Q/F Forcing and Idealized Image of Direct Thermal Circulation Associated with Frontogenesis Fig. 4:  Frontogenesis produces a mesoscale direct thermal circulation that is sloped with height toward cold air. Q/F vectors are longest where frontogenesis is the greatest.  On the periphery of this area, Q/F vectors are shorter given weaker frontogenesis.  Thus,  Q/F vector convergence (forcing for lift) occurs on the southern/eastern periphery of the maximum frontogenesis area (as shown at left).
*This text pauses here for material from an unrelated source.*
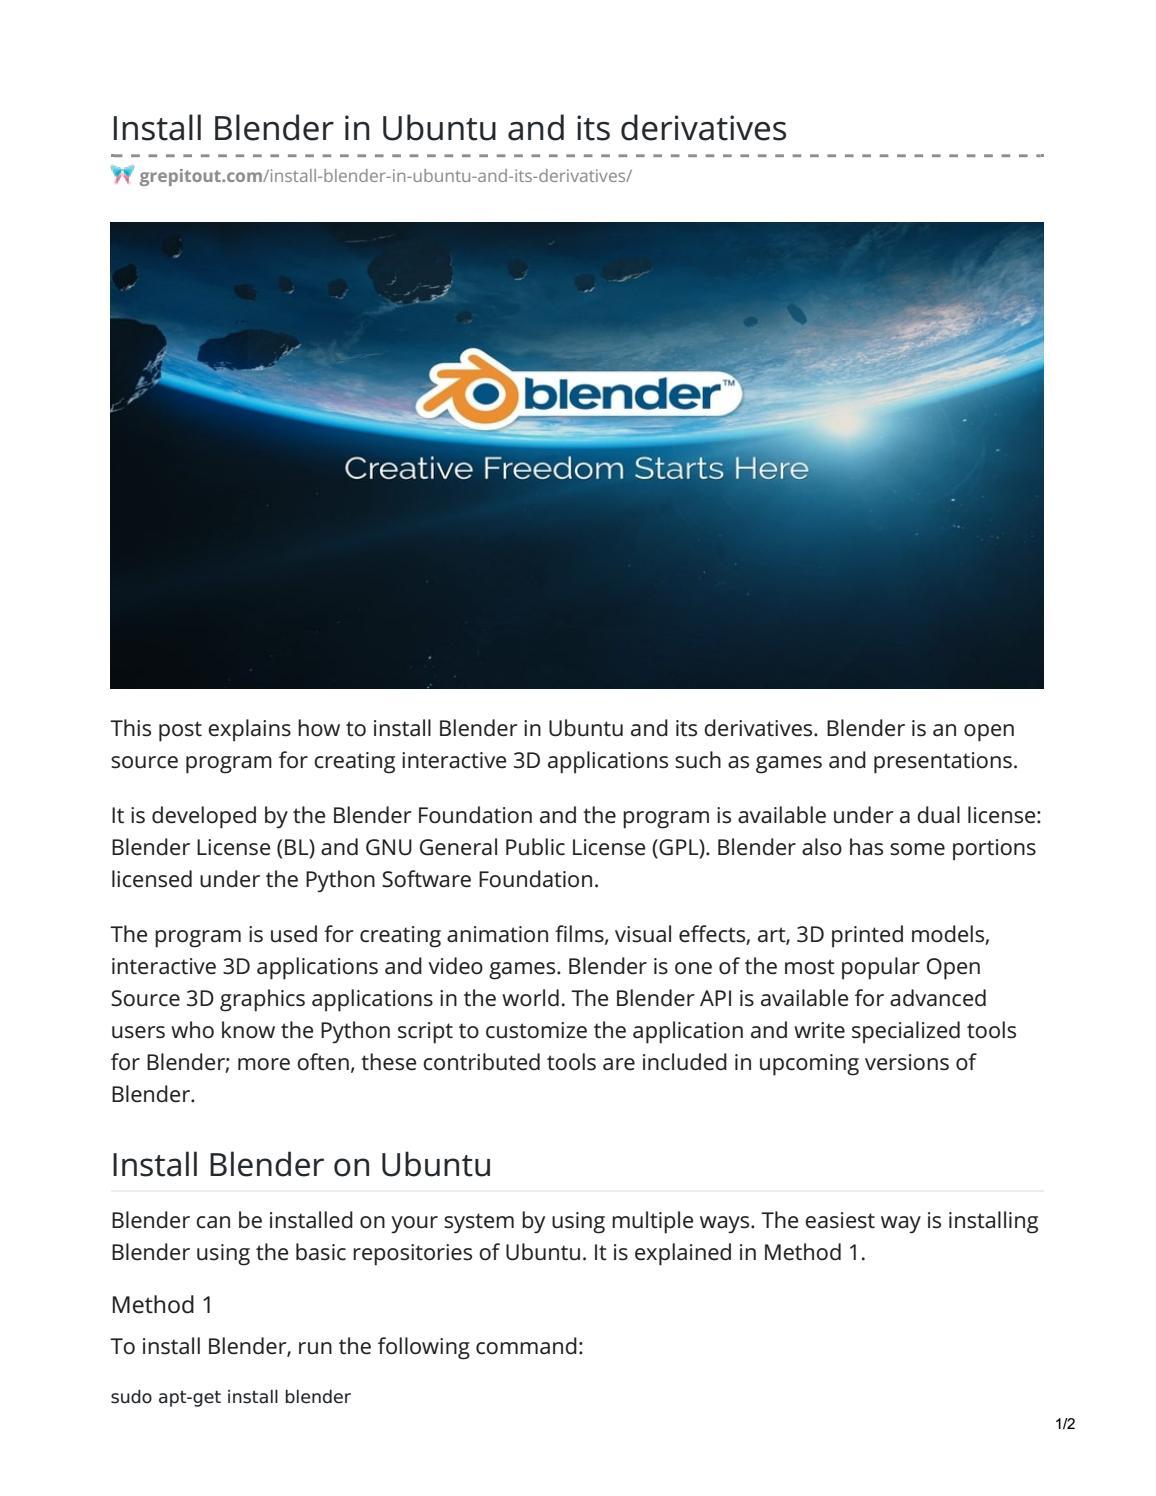 Install Blender in Ubuntu and its derivatives by zainsandina

A steeply sloped frontogenetical zone in low-to-middle levels can produce a definitive band of heavy precipitation (rain or snow) superimposed on broader, lighter precipitation in cool season. In the warm season, low-level frontogenesis also can force the lift needed to promote deep convective development and subsequent heavy rainfall.


  • Qn vectors should be evaluated in the 1000-850 mb layer when boundary layer convergence/forcing is occurring or expected (e.g., along/near surface/low-level cold fronts, or possibly during convective situations when boundary layer forcing is vital). In isentropic lift/overrunning situations, 850-700 mb layer Qn vectors (e.g., Figs 2 and 3) should be evaluated (e.g., during winter situations and/or along/ahead of warm fronts). Qn vectors from 700-500 mb also can be important in isentropic lift situations. Qn vectors from 500-300 mb may be reflective of upper-level frontogenesis associated with shortwaves, jet streaks, or possibly even stratospheric intrusions of high potential vorticity air.
  • While observed and gridded model data fields are very useful, they cannot fully diagnose frontogenesis in the real atmosphere. However, data can provide valuable information concerning frontogenetical trends and locations, from which additional processes (e.g., jet streaks, isentropic lift, diabatic effects, moisture) can be evaluated to construct a reasonable precipitation forecast.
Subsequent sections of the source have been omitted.